Based upon recent recent feedback from a very thoughtful agent, I would like to emphasize the three objectives of ProOffer:

- Our first objective is about offering 'pricing variation'. To understand what I mean, lets look at an analogy. Everyday, people walk around using 'price signals' to understand things such as quantity and quality. Think about sporting events and the way different sections are priced. Or banking where there is everyday services, premium services, and private client services. Price signals are embedded in how we differentiate products and services. The problem we see in real estate is that most agents price their services the same regardless of quality. So the here is the point: *** the price signal is saying to everyone that ALL real estate agents are the same***. We all know that is not true. Our goal is to take this assumption on and help agents achieve pricing power that signals to clients their capabilites.

- Our second objective is about aligning financial incentives. That is, we want clients to define their needs and to be able to structure a commission model that is suitable to mutual objectives.

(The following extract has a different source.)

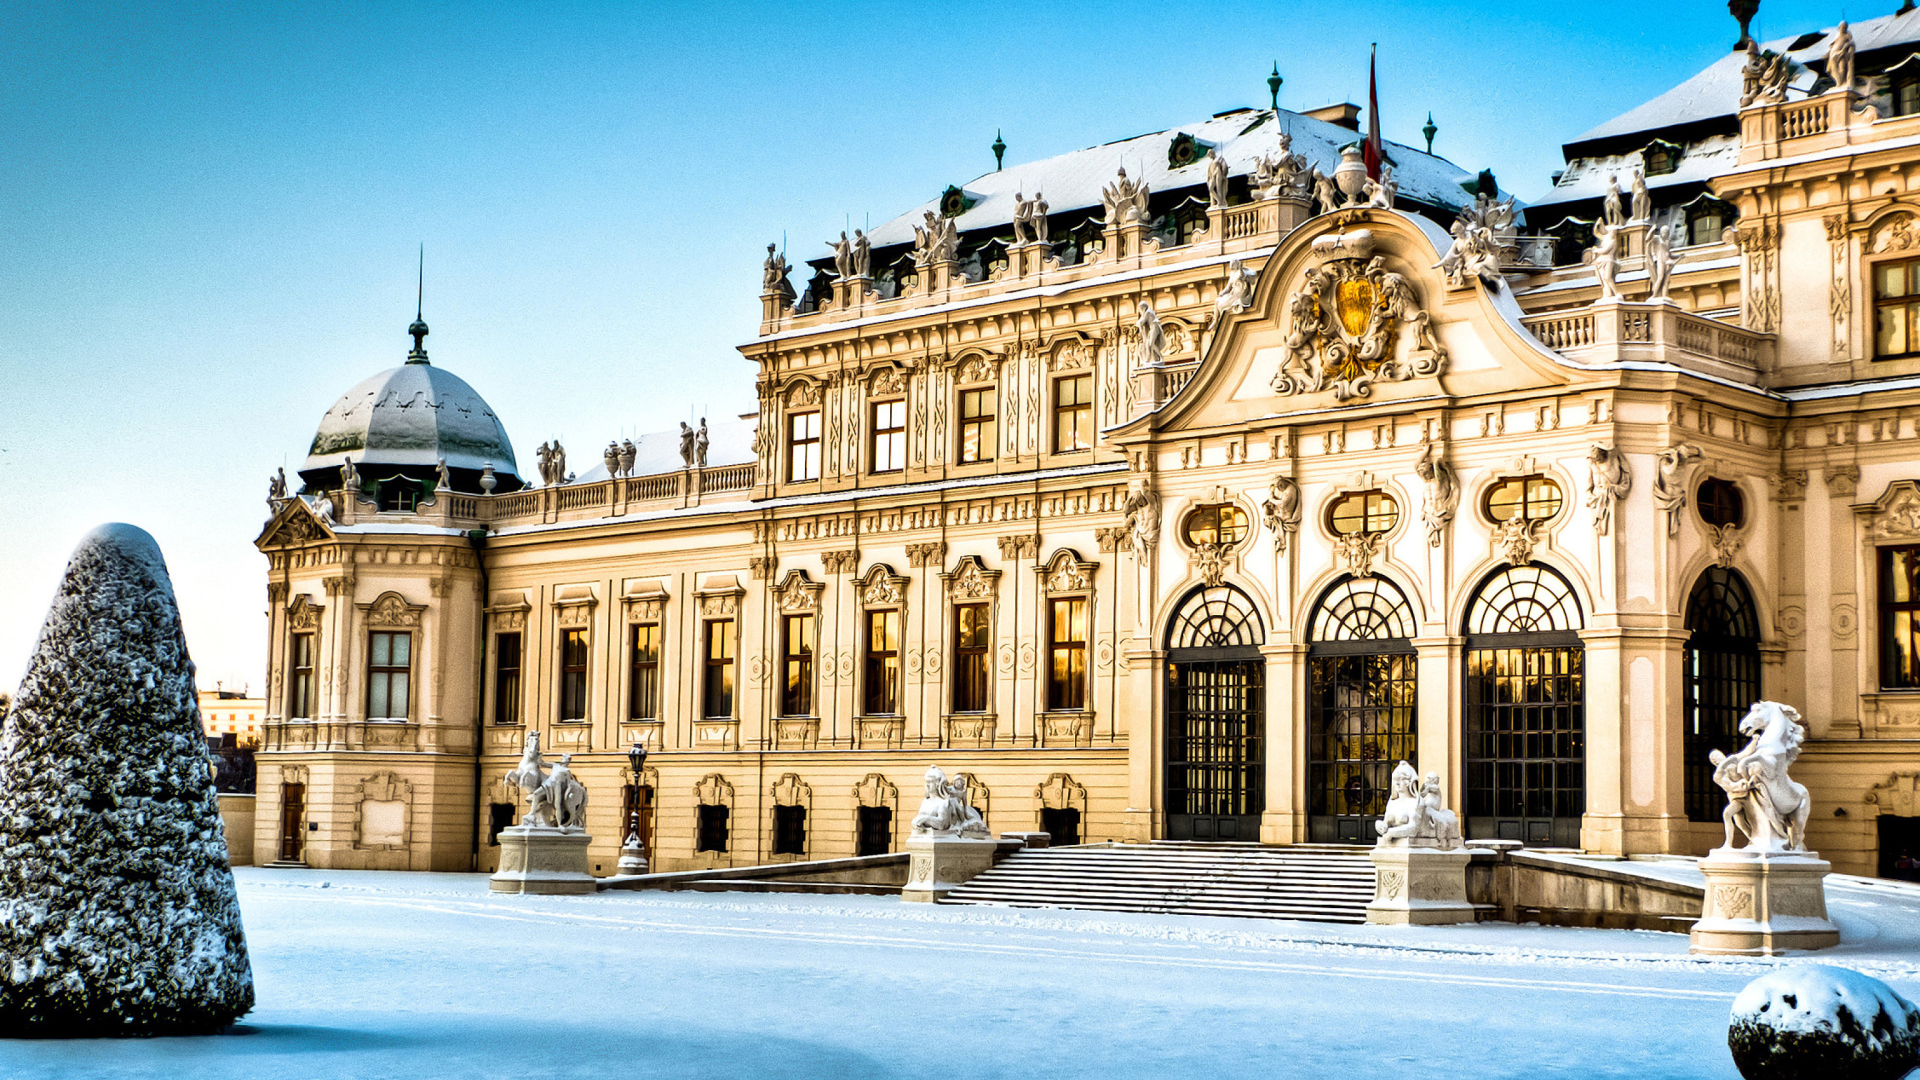 Vienna Belvedere Baroque Palace In Austria 2K Travel

We think this is the easiest path to finding and paying the agents that are talented. Because most home buyer and home sellers are motivated by price, we created some initial price solutions called PricePerform. Additionally, because sellers are increasingly motivated by timing, we also created TimePerform to align objectives around getting a quick close.

Our third objective is to make it easier for clients and professionals to meet so that each side can have more time to focus on whats really important - transacting.

Hope that helps.

 
Submitted by Steven Sheinfield on July 30, 2008 - 6:07pm.

I think this makes all the sense in the world. This makes want to hire an agent and worry much less about if that agent is doing the right thing. They will have to to get paid. All the nightmare stories my friends have told me are born of incentive problems IMHO. Sign me up!